La reconstitution de maisons palafittes à Wauwil, en 2009. (Keystone) Les sites lacustres de l’arc alpin font partie du Patrimoine culturel de l’humanité.

L’Unesco a accueilli ce lundi la candidature conjointe de 6 pays européens, déposée par la Suisse. Les palafittes préhistoriques témoignent de la vie des premiers villages de 5000 à 500 ans avant JC. Ils sont presque tous invisibles, pour la plupart enfouis dans les fonds lacustres ou recouverts par les sables le long des rives des plans d’eau. Mais pour l’Unesco, ces palafittes préhistoriques de l’arc alpin sont dignes de faire partie du Patrimoine culturel de l’humanité. Ces pilotis de bois figurent parmi les biens archéologiques les plus importants permettant de mieux comprendre l’évolution de l’homme, entre le Néolithique et l’Age du bronze. Ce sont précisément l’eau et le sable des lacs qui ont permis à cet incommensurable patrimoine préhistorique d’avoir été si bien conservé jusqu’à nos jours.
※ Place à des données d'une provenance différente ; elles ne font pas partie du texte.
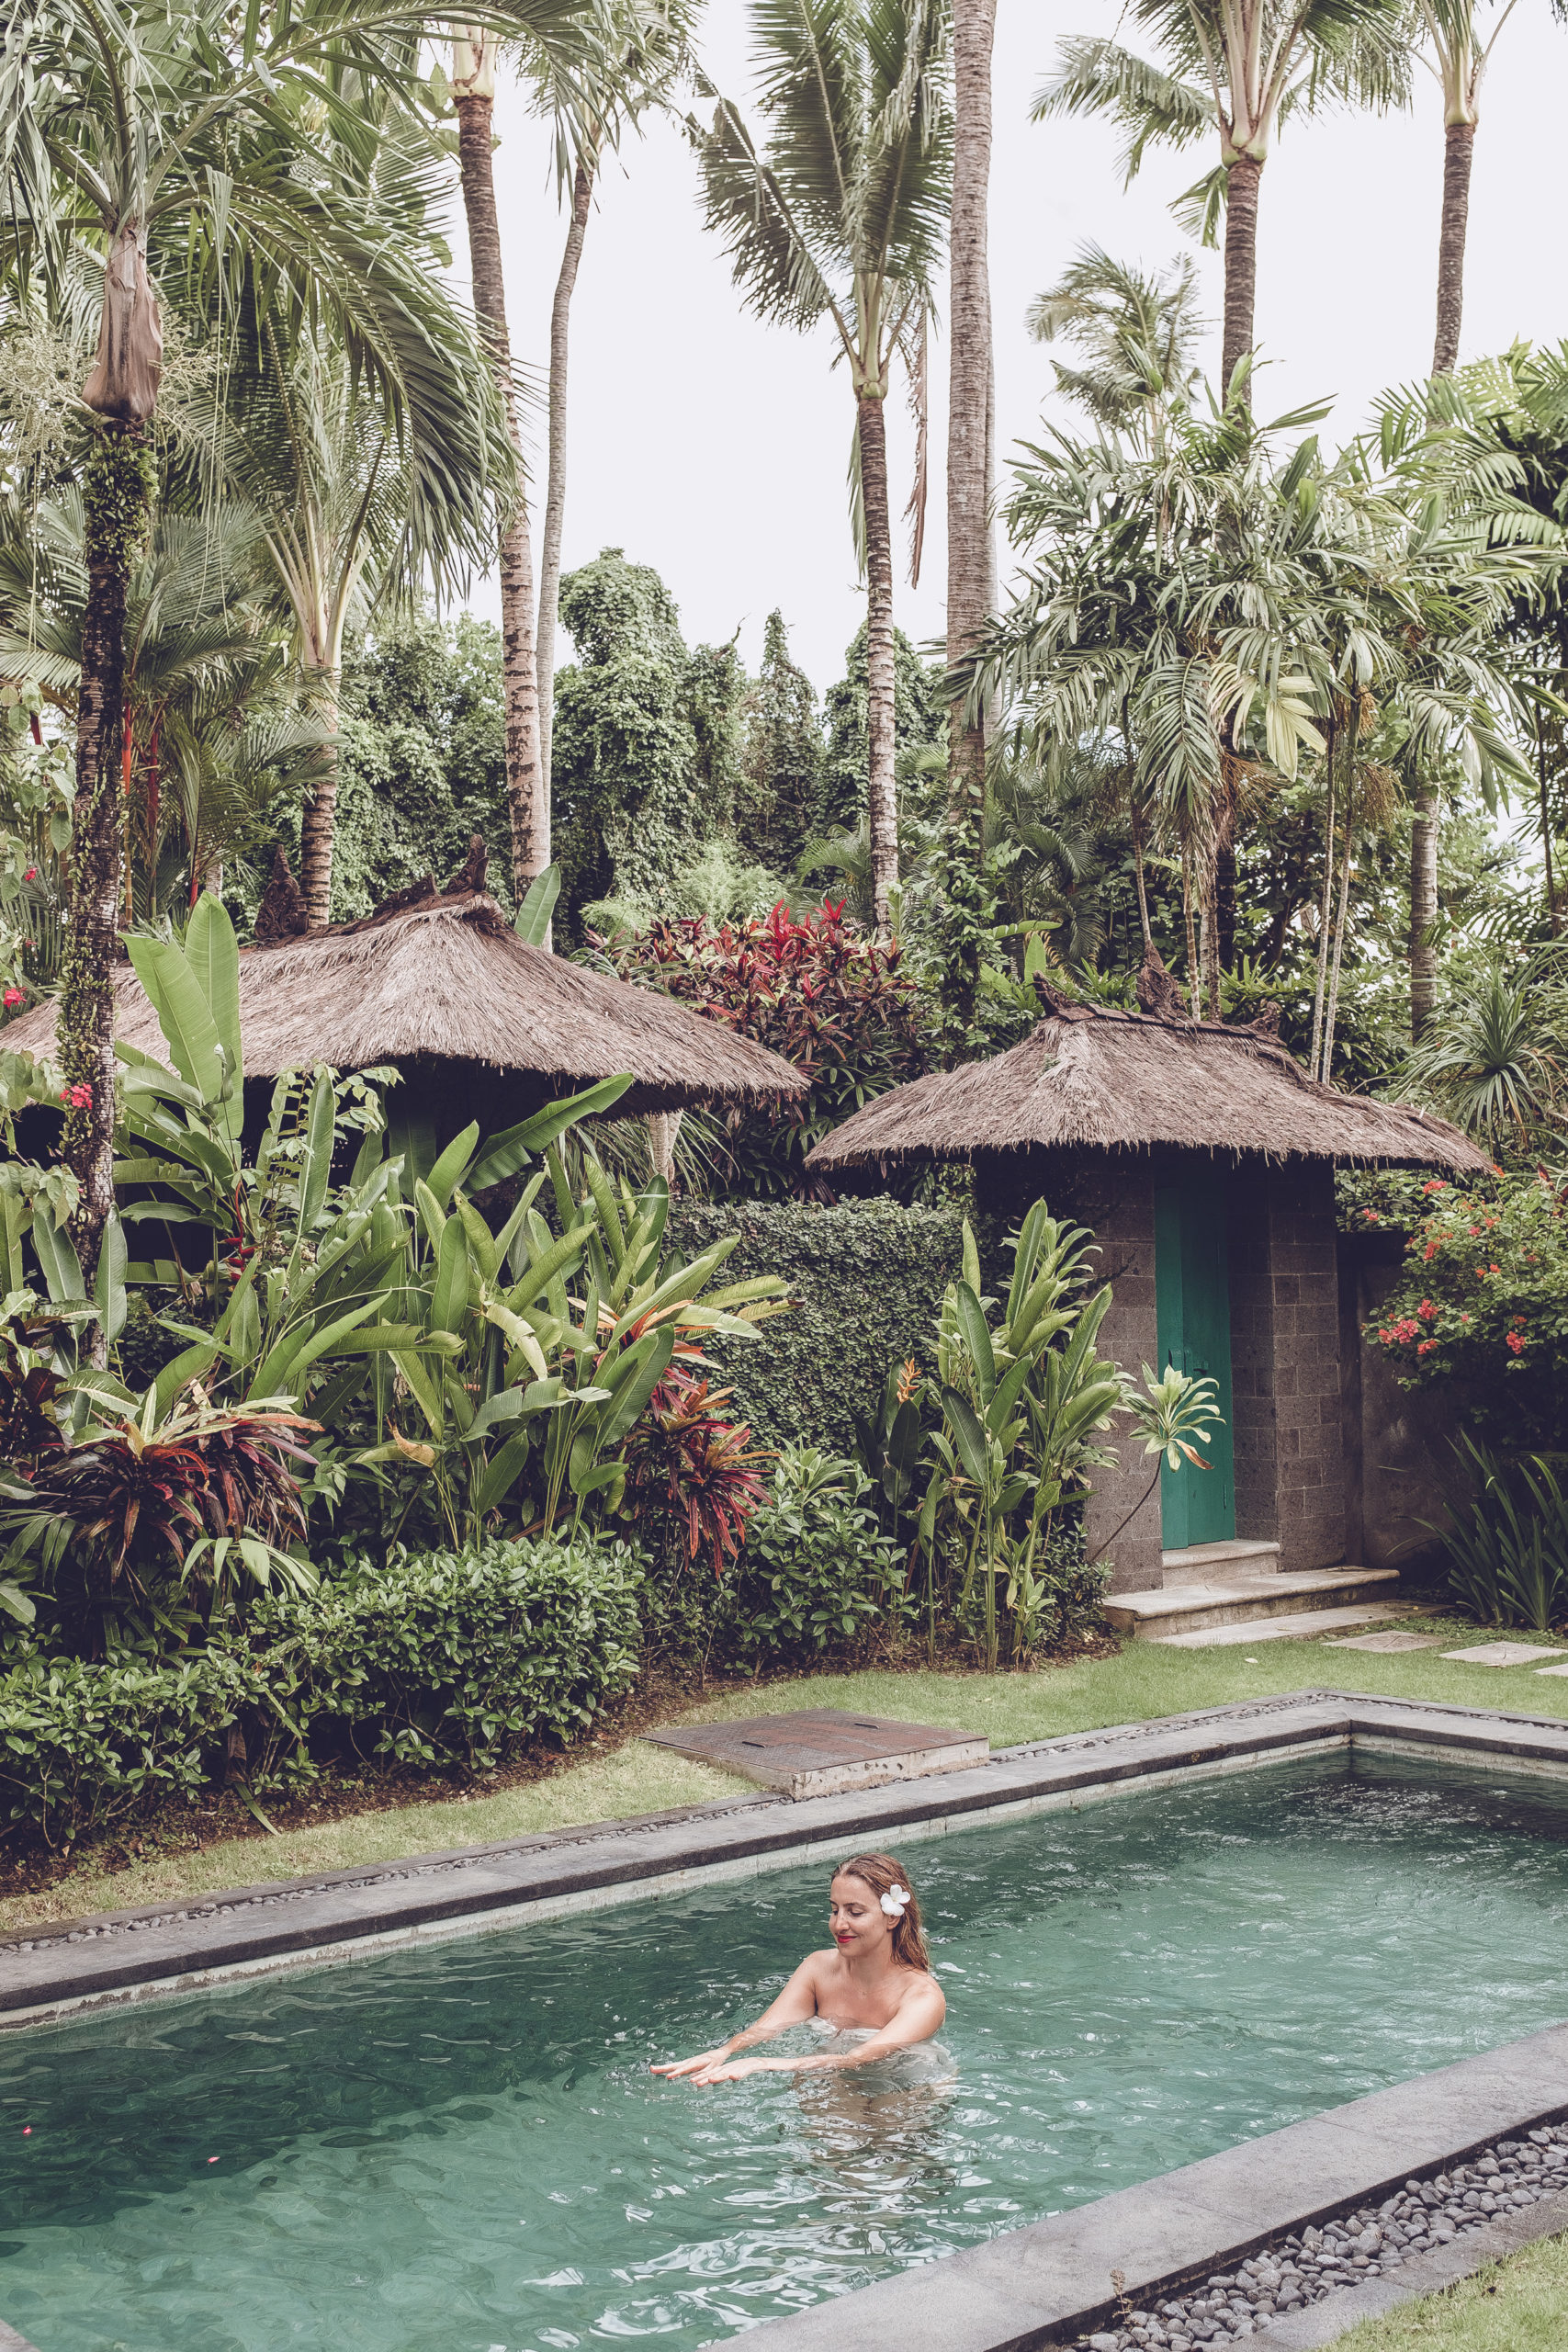 Sukhavati Ayurvedic Retreat and Spa in Bali 66

Dans cet environnement, les matériaux organiques utilisés par nos ancêtres – bois, cuir, tissus, os et même aliments – sont restés à l’abri de l’air, des intempéries et de l’homme. Découverts à partir du siècle dernier, les palafittes de l’arc alpin ont permis aux spécialistes de reconstruire, comme nulle part ailleurs dans le monde, la vie des communautés rurales des premiers millénaires avant JC. Ils ont permis de faire le lien entre les peuples de chasseurs-cueilleurs de la préhistoire et les premières grandes civilisations européennes.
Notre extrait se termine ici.